Thank you to all who responded to this. Suggestions included measuring urine amylase - it was more the other chemistries which concerned me as abdominal scanning could perhaps be used although I don't know the diagnostic accuracy of this for pancreatitis.
Other suggestions were to ultracentrifuge, run using 'dry chemistry' analyser, refridgerate and run infranatant and dilute the sample to dilute out the interference. We had considered these but no ultracentrifuge or easy access to dry chemistry analysers and were worried about the validity of the latter two so it was it was helpful to see that others would also try this.

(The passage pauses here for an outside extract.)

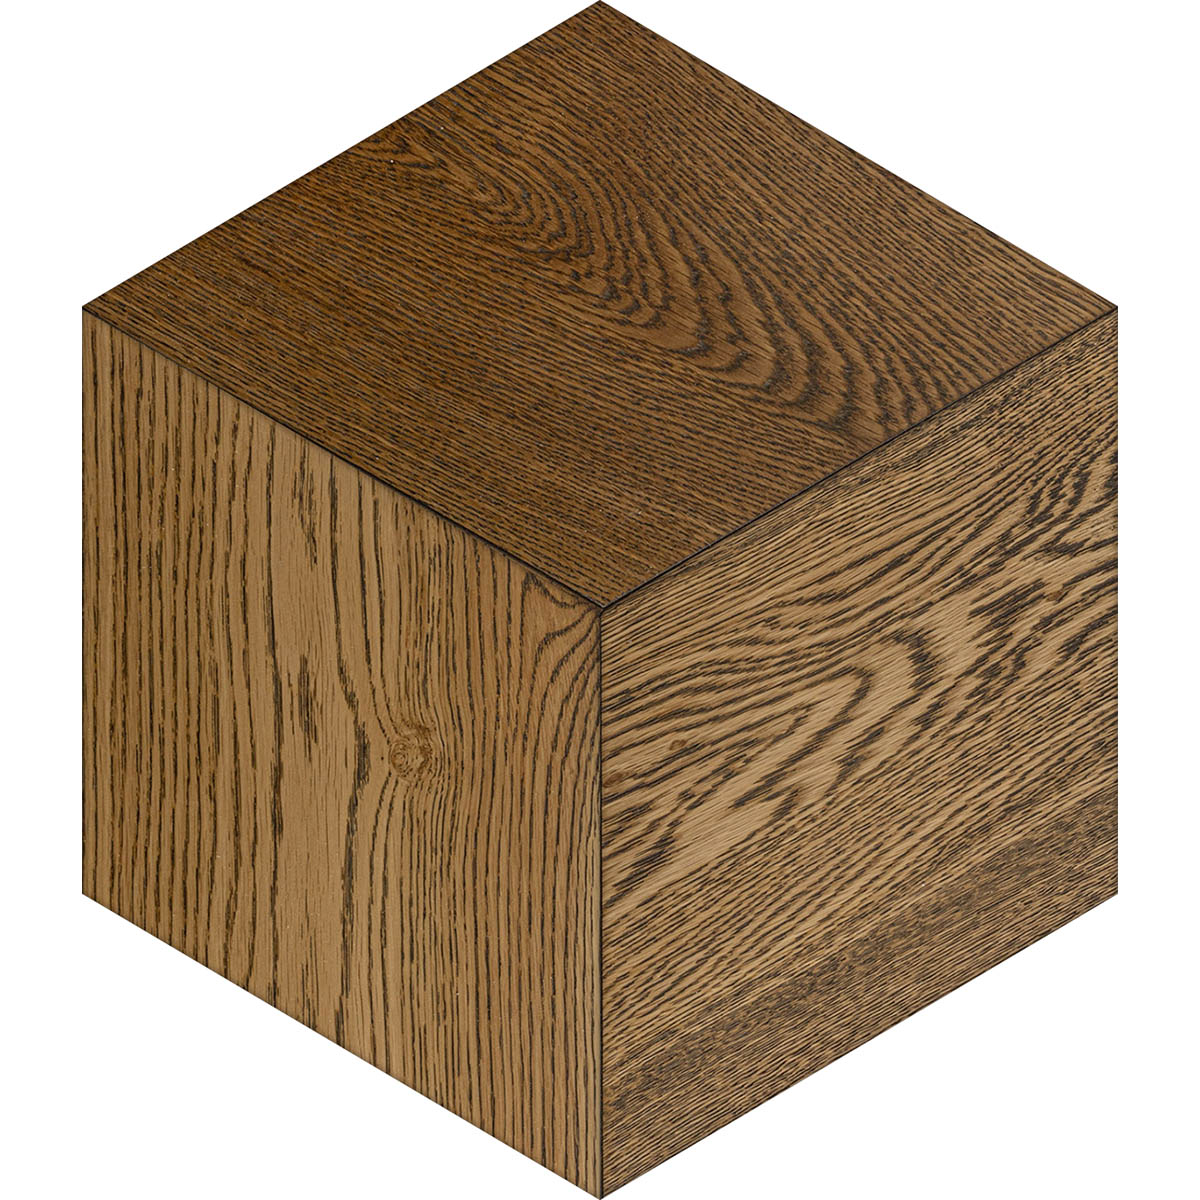 Hanson Vale - Geometric diamond wood floor from JackEvie

We did serial dilutions and obtained fairly linear results. We have also refridgerated and run the infranatant. The patient was in fact very well clinically but did have significantly raised transaminase and LD and has now been discharged.
Dr Anne Tarn
Consultant Chemical Pathologist
Croydon University Hospital
Tel: 0208 401-3024
email: [log in to unmask]
------ACB discussion List Information--------
This is an open discussion list for the academic and clinical community working in clinical biochemistry.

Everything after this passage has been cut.